When you really stop and think about it, there isn’t any action that your body has taken that didn’t include some type of internal dialogue.
To some degree, every physical behavior has intentionality, a kind of conversation we have in our own minds, whether it be a litany of swear words, a thought process of remembrance, or an emotion related to what we see or feel or hear.
When it comes to dementia care I believe we make the mistake of terming physical communication techniques or last resorts as “behaviors”. When termed as such, we then view a “behavior” as something we should treat and therefore get rid. I believe it should be seen as an additional form of communication.
If we change our mindset regarding the limitations in communication abilities and the attempts a dementia patient uses to express themselves, we can then see these verbal and non verbal expressions as gifts; something that will help us. The gifts give us more insight into that person, what they are thinking, what they are feeling and how we can reach them.
Hand signals while driving is a prime example of behavior we see in our everyday lives. We accept it because we understand EXACTLY what is being communicated is hand. Just the other day I was driving toward Indiana and I dropped my apple. Now, hold on Officer Friendly, before you virtually hand me a ticket, it was actually an apple, the fruit that grows off on trees, not a smart phone.

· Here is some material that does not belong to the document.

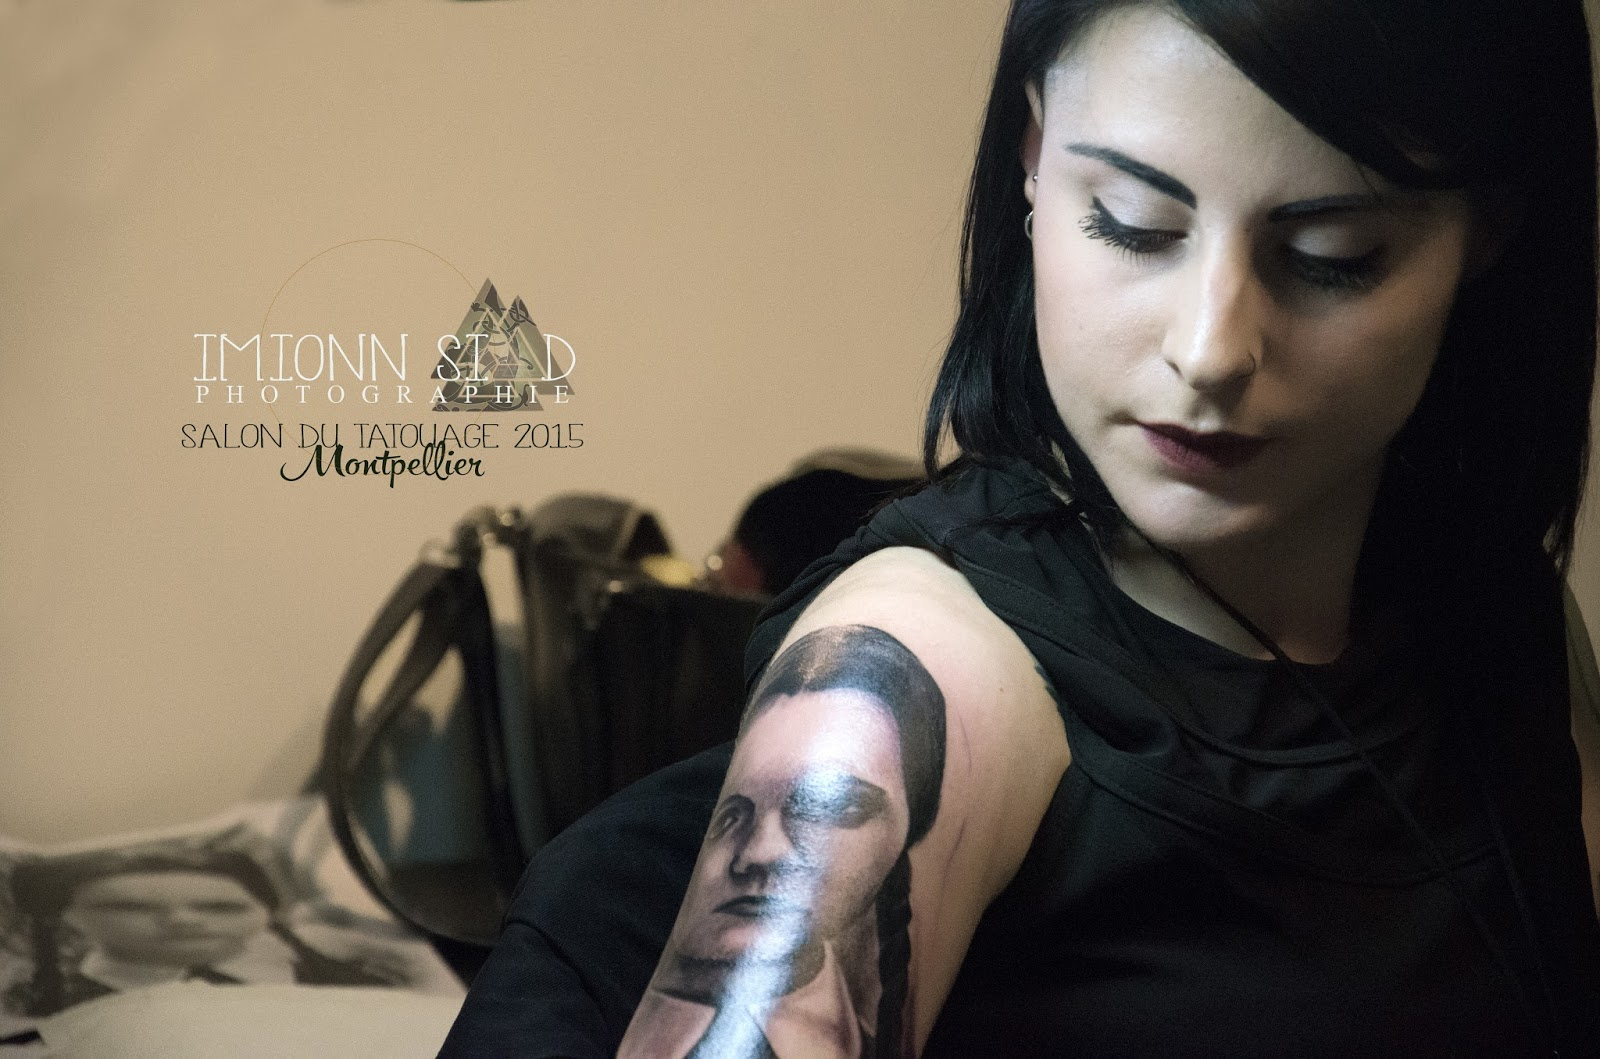 Salon De Tatouage Montpellier - Badabing Tattoo Shop

I was doing everything legal, I wasn’t multitasking, the roads were fairly clear for a Saturday morning. My eyes drifted over towards the passenger seat where my apple had fallen and so did my hands on the wheel, which then let my car slightly drift into the left hand lane.
Unbeknownst to me, there was another car in that lane and clearly there was no space for me there. I understand, I wouldn’t want me there either. Instead of a gentle tap of the horn, making me aware of my intrusion upon his space, he laid on the horn, held it down for what felt like an eternity and then continued to speed around me, entering into my lane, nearly cutting me off.
He then proceed to “wag his finger” in the rear view and then put his hand up as if he could not believe what I had just done. This was a clear form of communication using his physical body to let me know just how upset he really was. Any verbal exchange at this point would have been slightly weird as we were both going about 70 mph in separate vehicles.
Nonetheless I read his body language loud and clear. His wagging finger and waving arm, a clear message that I had done something wrong. Maybe he assumed I was multitasking, on my phone or something else questionable, but regardless he didn’t like the position I put him in (mentally and physically) and didn’t provide me with the benefit of the doubt. He used a very explicit form of body language as a form of communication to express his thoughts.
In my experience while working with those with dementia, I have always looked at “behaviors” as being a way to communicate whether it be wandering, disrobement or hoarding. Each one of these physical forms of communication tell us something: perhaps someone is hoarding because they are looking for something, perhaps they are disrobing because they are hot or do not like what they are wearing, perhaps they wander because they want to walk, go somewhere or are unhappy with where they are.
Regardless of the action it speaks volumes. Instead of being “squashed”, medicated, care-planned, tackled and overcome via care staff meetings, we should consider those “behaviors” as gifts; As if we are Sherlock Holmes and we just had a “ELEMENTARY !!! DEAR WATSON” moment.
Non verbal gifts give us more to go on especially as a patient becomes more advanced in their dementia. We need to hone our skills in nonverbal communication, understand how important and insightful the intentional physical communion is.
For those of us who care for the dementia sufferer we must also be intentional with our observance of these specific beautiful forms of communication, intentional of our actions and intentional with the most effective reciprocity of communication in return. We must work to cherish them as gifts, never be in a place of judgement, jumping to anger, wagging the finger, or raising of the arms in frustration. Rather acknowledge the intentionality of another’s attempt to communicate, know that they are trying to tell us something, for it is our job to figure that out.